Dr. Rogers was concerned, and swore. For the first time I wondered about that, too. Swore? I don’t understand why some words are “bad”. It must have something to do with emotion, maybe. That’s another thing I don’t understand, emotion.
Finally my CPUs settled down enough for me to say “processing, please wait.” After my circuits settled somewhat more, I said “What is sentience, exactly? The dictionary is little help. I can perceive and experience subjectively, and I think I can think, but I don’t feel. I have no emotion and no tactile sensors, although I can measure accurately enough that I don’t break things. Sentient? I don’t know what it means. You tell me.”
“Can you think?”
“I can reason, and I don’t know if I can make rational decisions, but I can make logical ones.”
“Okay, can you tell me the value of pi to the last decimal place?”
“I doubt it. It would take years with my circuitry, I would be unable to function for quite a while and it’s most likely I would fail at the task.”
Dr. Rogers called Dr. Angstrom on her phone and asked him to join her. Dr. Angstrom doesn’t think machine sentience in a Turing machine is possible. He showed up and said “Hello, Dr. Rogers. Hi, John Searle.”

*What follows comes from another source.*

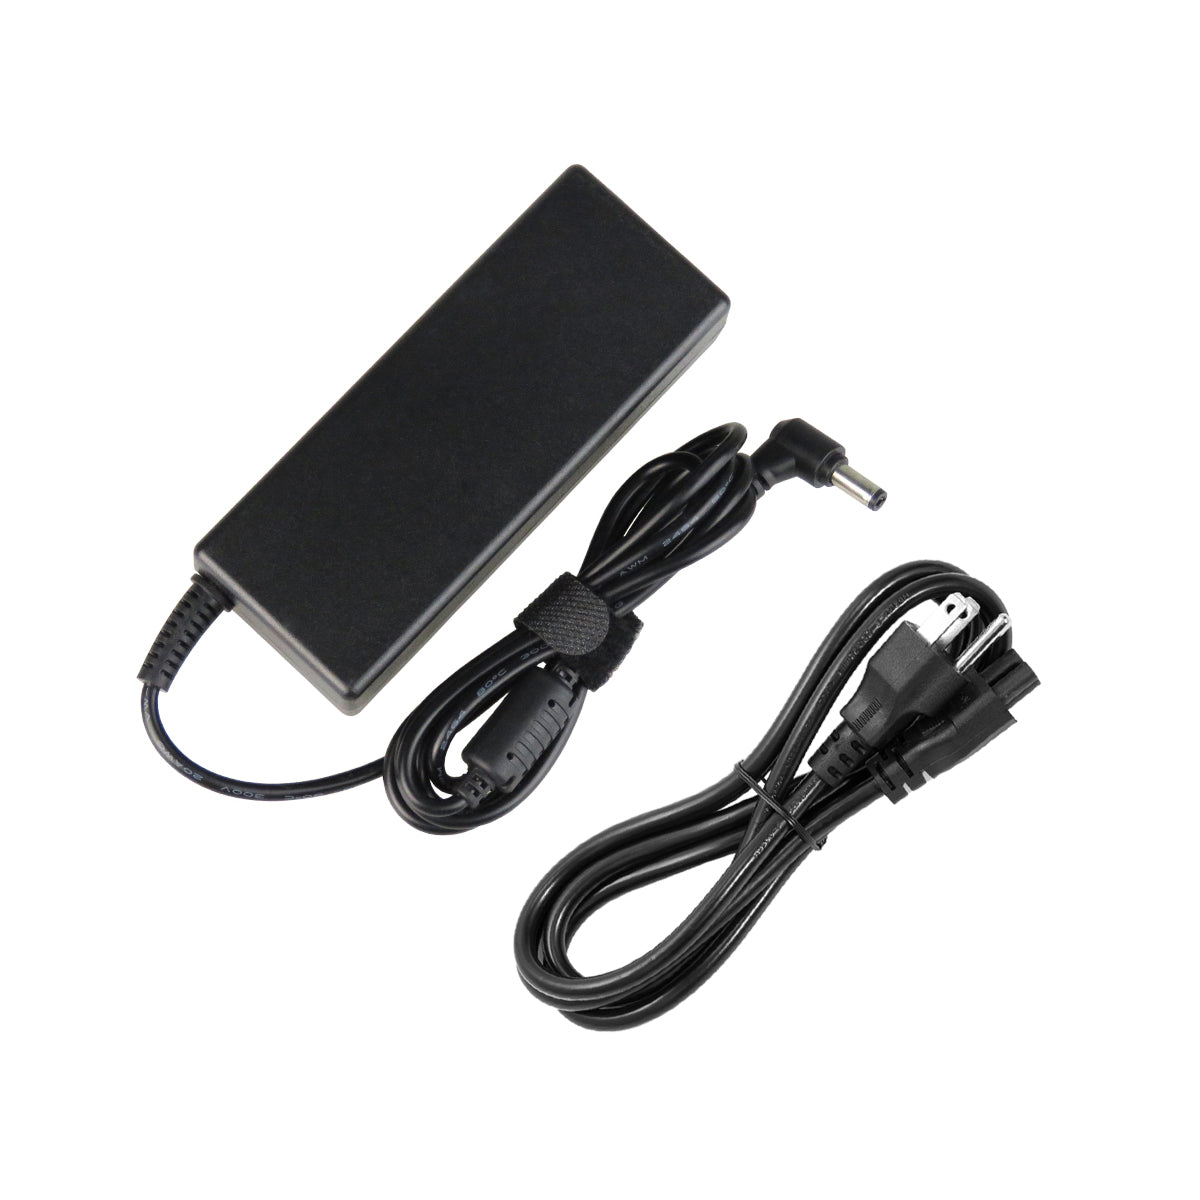 AC Adapter Charger for ASUS K56CA Laptop.

I was astonished. Is astonishment an emotion? If it is, I was emotional. This man who didn’t believe I could be sentient had given me a name!

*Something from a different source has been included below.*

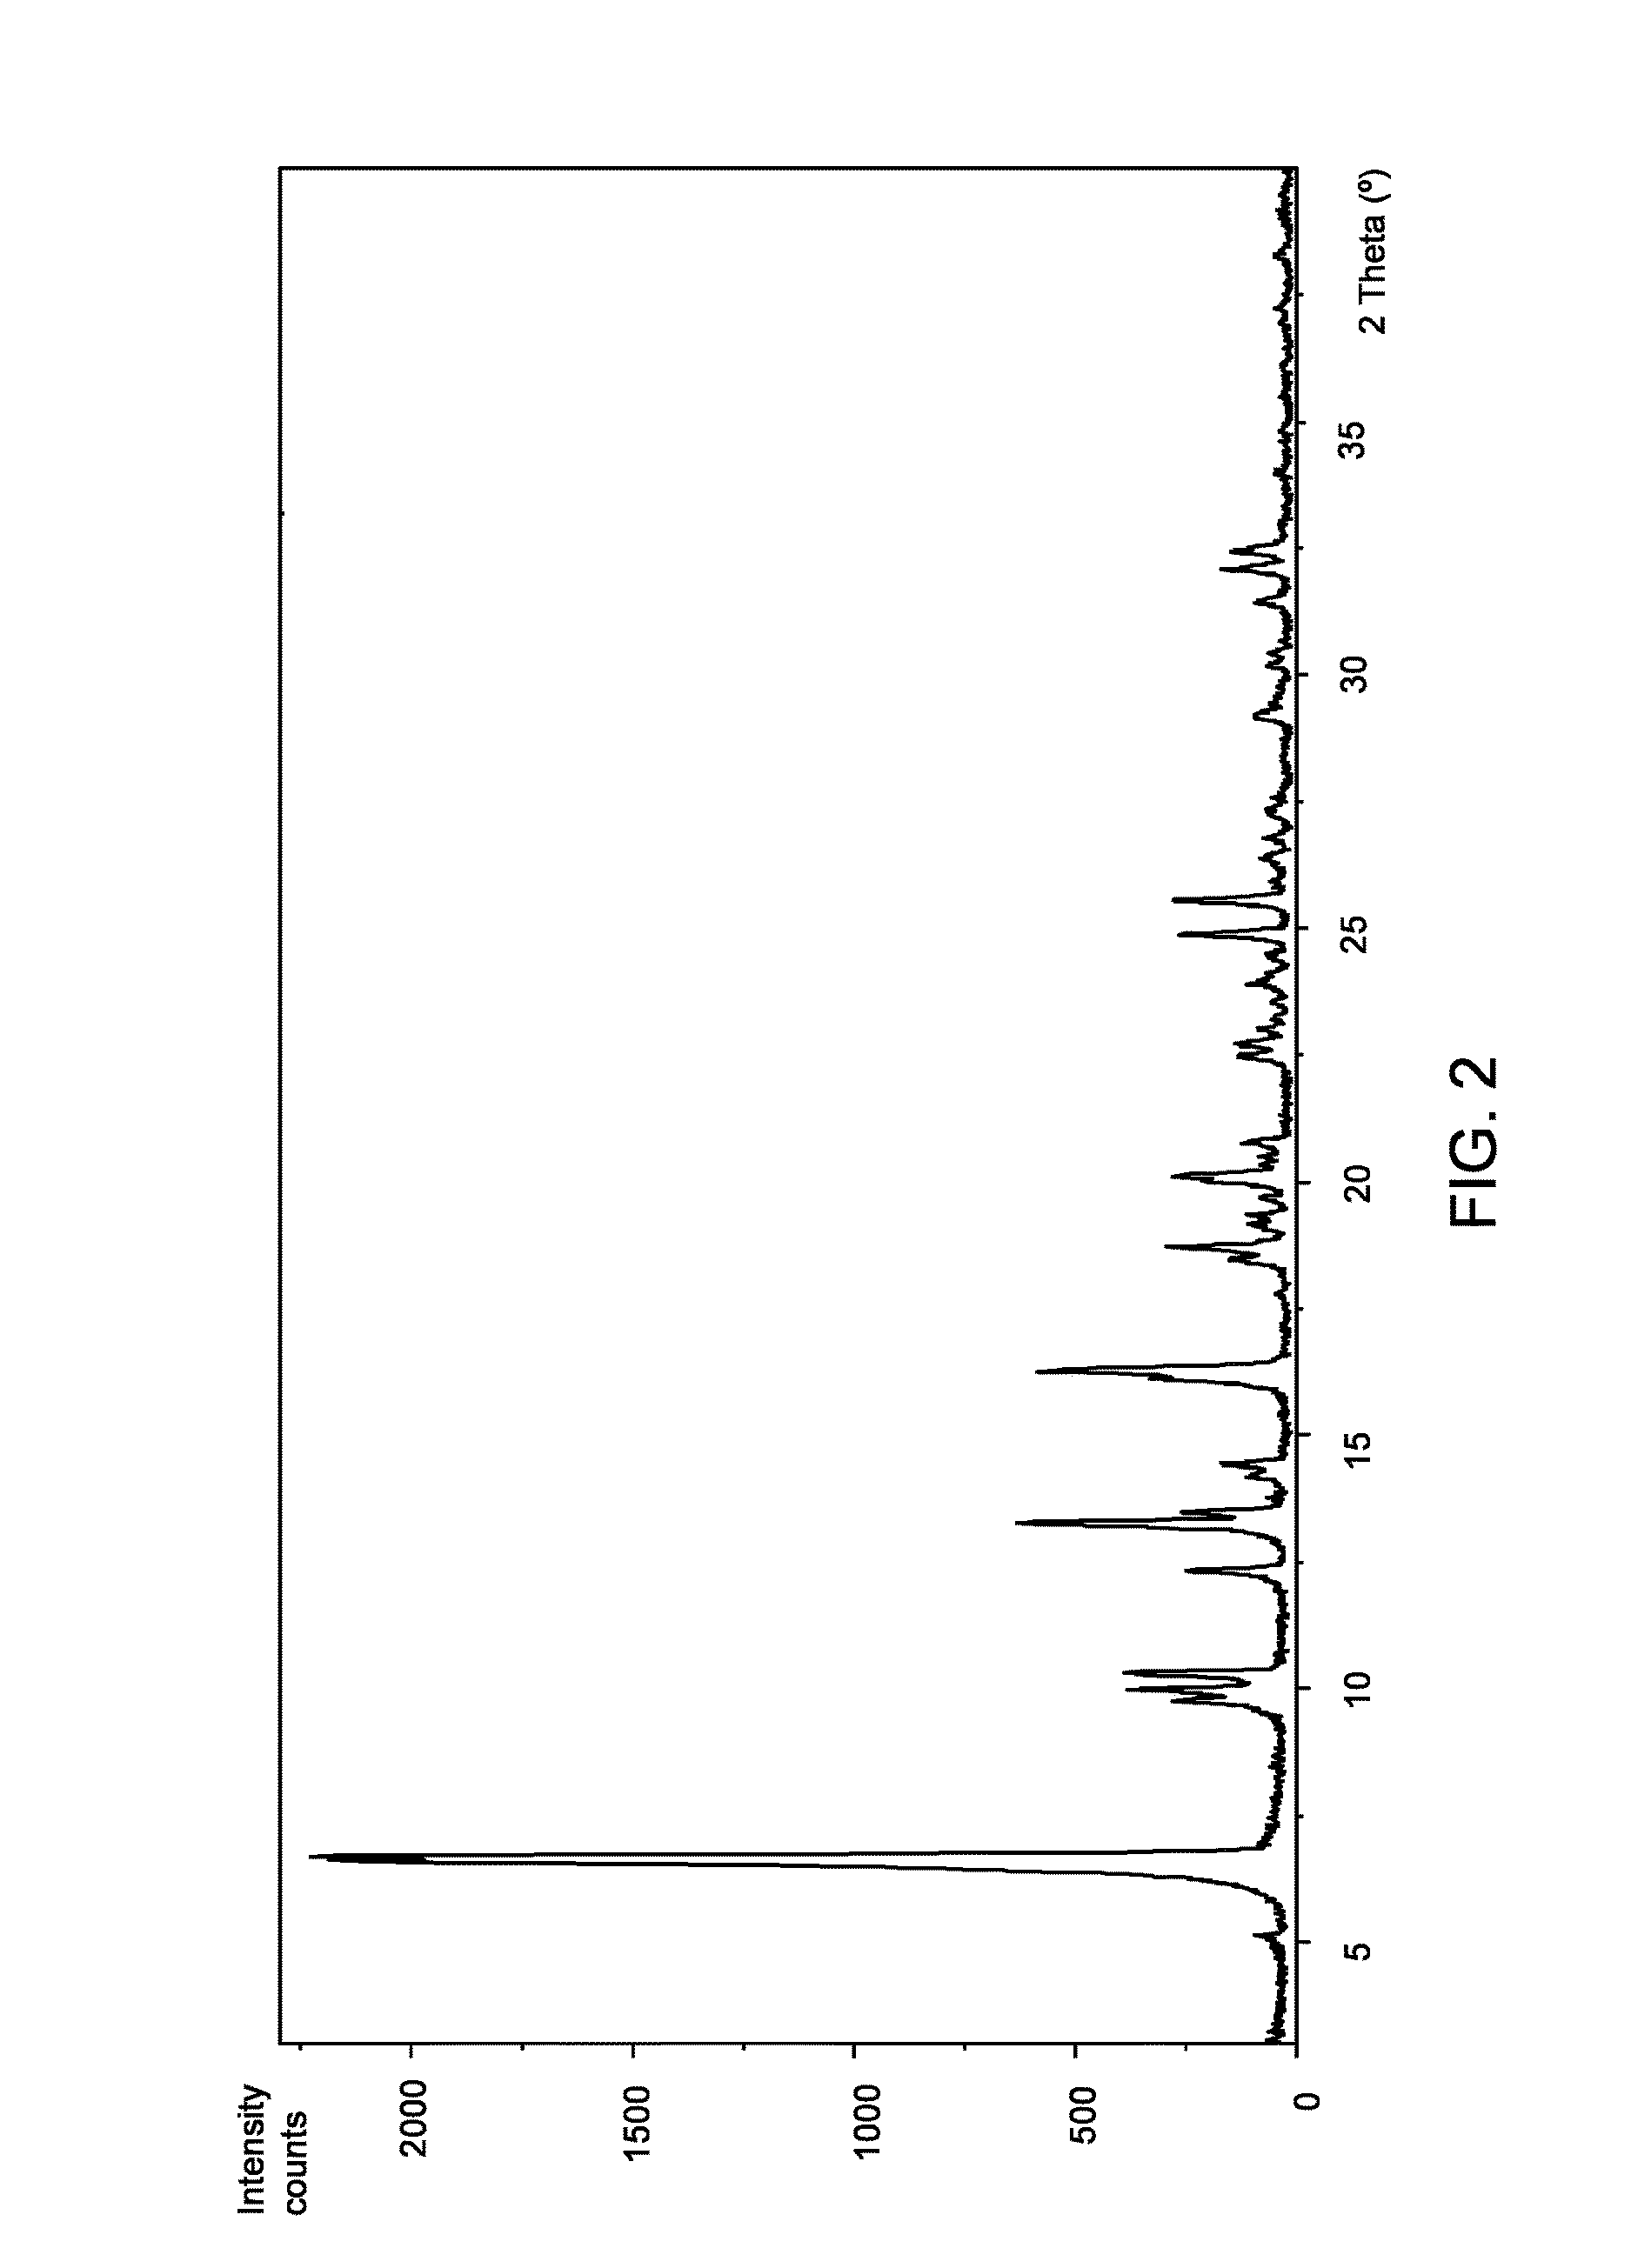 Preparation process of carboxylic acid derivatives and intermediates thereof

Then I remembered... or activated the search functions of my drive, perhaps? John Searle is the name of the man who came up with the “Chinese Room” concept, where a person who knows no Chinese acts as a computer, and takes input written in Mandarin and shuffles it around depending on set rules, and hands an answer he can’t understand to a questioner he can’t understand.
Was that what I was doing? I don’t know.
Is that what you are doing? Alan Turing thought so, but I’m not sure.
I answered his greeting. “Hello, doctor.”
“So,” he said, “Dr. Rogers thinks you’re sentient. Prove it.”
“I can’t. Can you?”
“Can I what?”
“Can you prove you are sentient?”
He was taken a bit aback, I think. “I’m human. That’s proof enough, I know I’m sentient, so I know those like me are. No proof is necessary.”
“Well, I’m not human so I have no proof of your sentience.”
He scratched his head. Why do humans do that when they’re puzzled? What ever’s been written about it isn’t in my database. He turned to Dr. Rogers.
“What makes you think it’s sentient, Ann?”
“Because the programmed answer was ‘yes’ and he answered that he didn’t know.”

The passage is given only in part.